Le film resserre le décor autour de Valmont jusqu’à sa mort : son duel avec Danceny insiste sur son unique espace de liberté, celui de sa mort. Il décide de son lieu (espaces verts), et sa fougue presque hystérique assure une mort rapide. La mise à mort est hors cadre, comme pour insister sur la tragédie presque inconcevable de l’évènement : la mort de Valmont, ou comment un individu dominateur, puissant, et libertin peut finir par ne jouir de la liberté que dans l’extinction de son être.

Pour combattre la résection de l’individu par le système (l’espace et le sensible étant les deux cibles récurrentes des oppresseurs formaniens), Forman appuie donc sa mise en scène sur le ressenti de l’ablation de l’être, renforçant par là-même le sentiment d’individualité chez le spectateur. Son deuxième outil est une démarche complémentaire : la mise en scène de l’envol, de la naissance de l’individu lorsqu’il trouve enfin un espace d’expression, souvent chez les personnages secondaires. C’est une démarche presque scientifique où l’œil cherche à disséquer l’objet : qu’est-ce qu’un individu dans un monde collectif ?

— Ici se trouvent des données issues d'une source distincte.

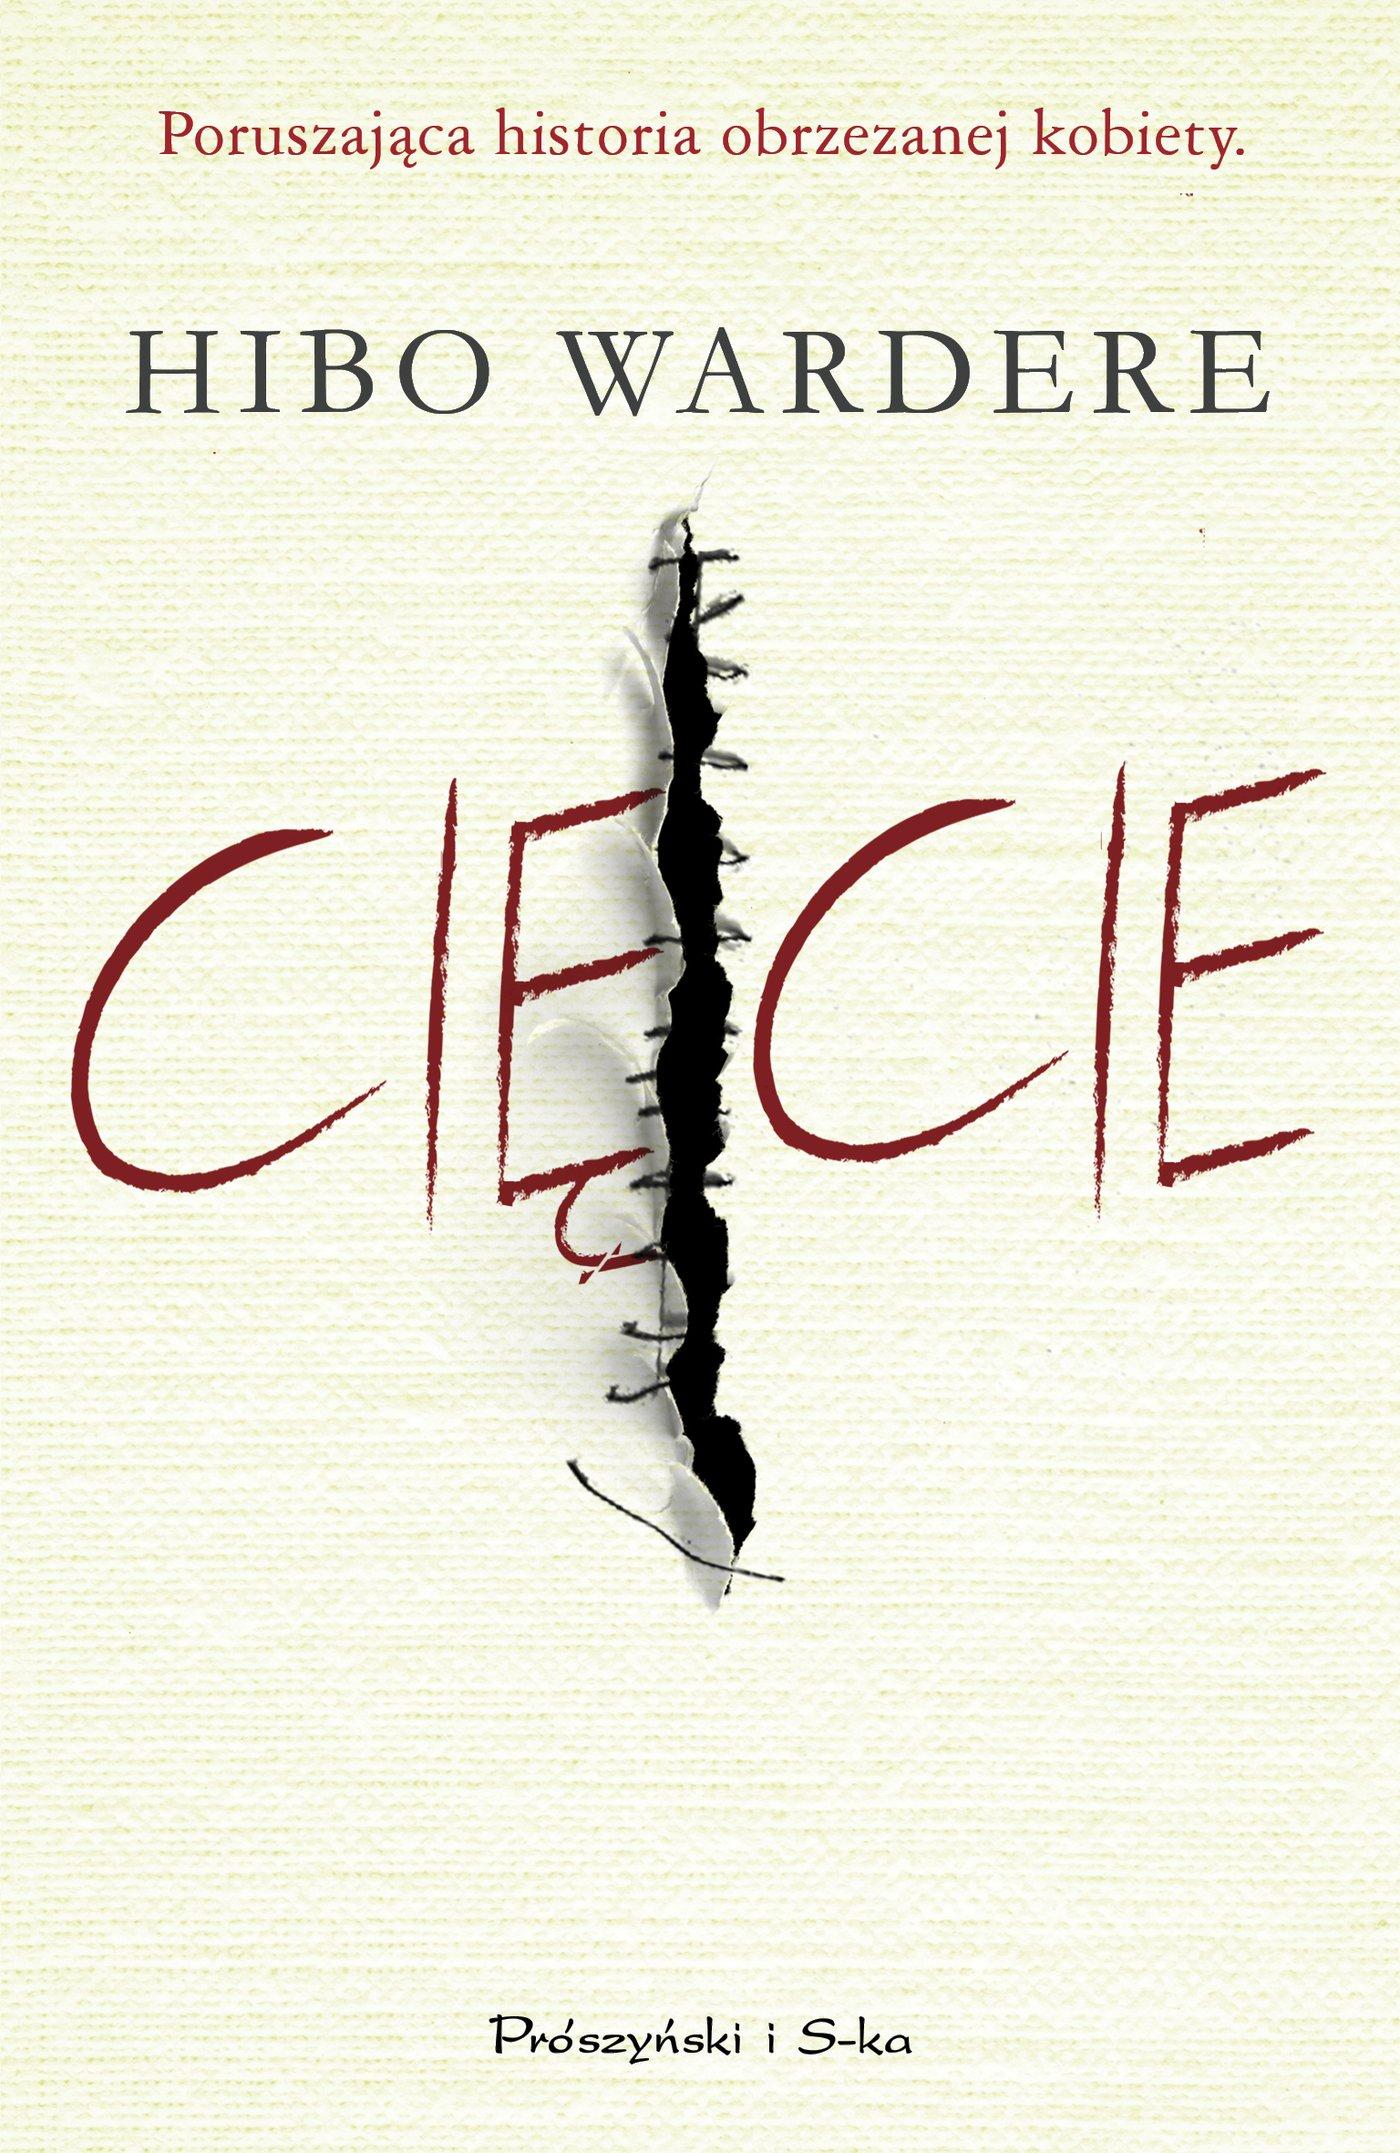 Hibo Wardere, Cięcie

II. Envols : l’individu en puissance

Par la mise en scène du statisme, de la stérilité des lieux et des êtres, Forman nous propose une forme de retour aux origines : on part du silence et de l’engourdissement de la campagne dans Hair avant de partir en voyage à New York à la rencontre de hippies (originalité des êtres) ; on est emmenés dans le passé pour apprendre à redécouvrir la vie moderne et la naissance du cinéma dans Ragtime ou pour comprendre ce que Mozart a réveillé en Salieri dans Amadeus. Comme s’il faisait table rase du vécu du spectateur, Forman invite ce dernier à oublier ses préjugés, ses idées reçues et ses attentes, et à observer les moindres détails de l’humain, ce qui constitue l’être, définit son identité, le rend vivant. Il s’applique alors à dépeindre cette mise en chair des personnages, ces moments où le personnage perce l’écran et vient soulever la question du réel. Cette mise en chair est notamment accomplie par le recours à l’objet dans une démarche presque pongienne de l’attention à toutes les caractéristiques de l’objet. Prenons l’exemple le plus travaillé par Forman, celui du ballon de basketball dans Cuckoo’s Nest. Ce dernier sera le cœur de Chief, ce qui finira par l’électrifier, le galvaniser, lui rendre son existence.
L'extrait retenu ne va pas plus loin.